From the Journals

Evusheld PrEP may protect immunocompromised patients from severe COVID-19



Tixagevimab copackaged with cilgavimab (Evusheld) is a safe and effective preexposure prophylaxis (PrEP) in patients undergoing B-cell-depleting therapies who have poor immune response to COVID-19 vaccination and are at high risk for serious COVID-19 illness, a small, single-site study suggests.

Evusheld, the only COVID-19 PrEP option available, has Emergency Use Authorization (EUA) from the Food and Drug Administration for treatment of immunocompromised patients who may not respond sufficiently to COVID-19 vaccination and patients who’ve had a severe adverse reaction to COVID-19 vaccination.

“We report the largest real-world experience of Evusheld in this population, and our findings are encouraging,” lead study author Cassandra Calabrese, DO, rheumatologist and infectious disease specialist at Cleveland Clinic, said in an interview.

“Of 412 patients who received Evusheld, 12 [2.9%] developed breakthrough COVID-19, with 11 having mild courses and 1 who required hospitalization but recovered,” she added.

Dr.
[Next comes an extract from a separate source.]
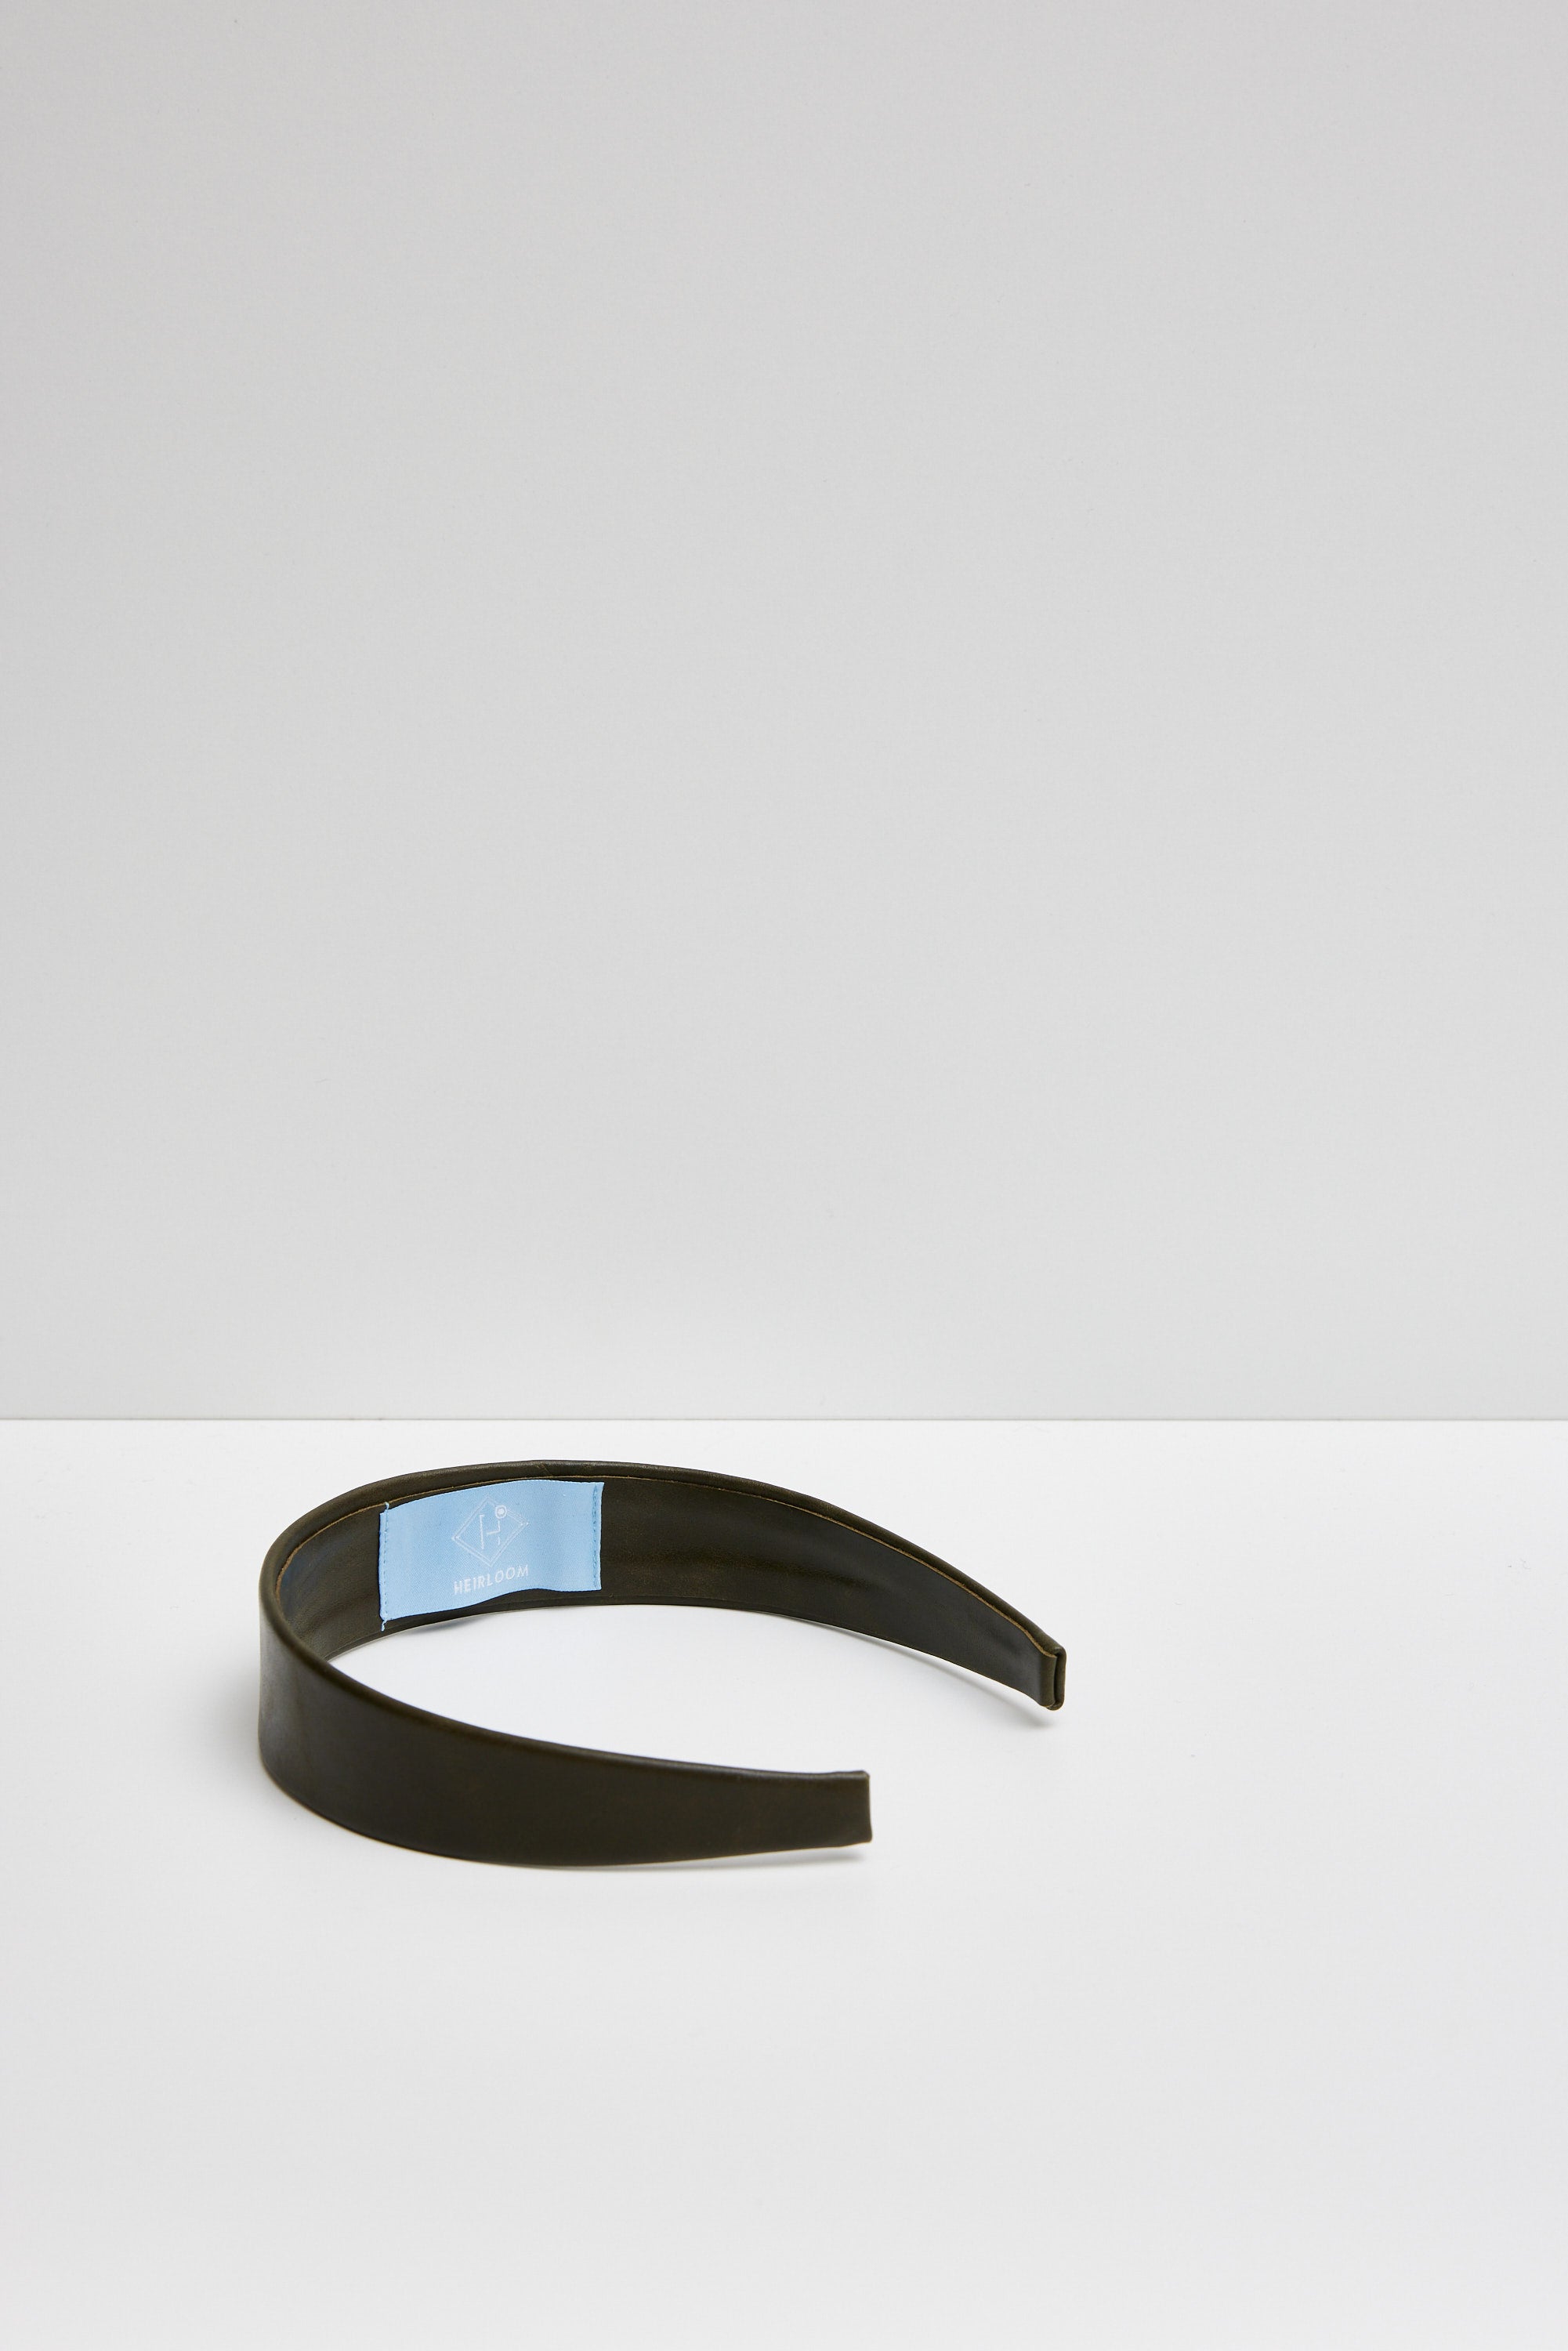 Silken - minimalist leather headband - 4 colour options

Cassandra Calabrese, rheumatologist and infectious disease specialist at Cleveland Clinic

Dr. Cassandra Calabrese

“Our data suggest that Evusheld PrEP, in combination with aggressive outpatient treatment of COVID-19, is likely effective in lowering risk of severe COVID in this vulnerable group.

“Practitioners who care for patients with immune-mediated inflammatory diseases should triage high-risk patients for Evusheld as well as rapid diagnosis and aggressive outpatient therapy if infected,” Dr. Calabrese advised.

For the study, Dr. Calabrese and colleagues at Cleveland Clinic searched the health care system pharmacy records for patients with immune‐mediated inflammatory diseases (IMIDs) or inborn errors of humoral immunity (IEI) who met the criteria to receive Evusheld. The researchers included patients on B-cell-depleting therapies or with humoral IEI who had received at least one dose of Evusheld and were later diagnosed with COVID-19, and they excluded those treated with B-cell-depleting therapies for cancer.

EVUSHELD was well tolerated

After extracting data on COVID-19 infection, vaccination status, and outcomes, they found that, between Jan. 18 and May 28, 2022, 412 patients with IMIDs or humoral IEI received Evusheld. No deaths occurred among these patients and, overall, they tolerated the medication well.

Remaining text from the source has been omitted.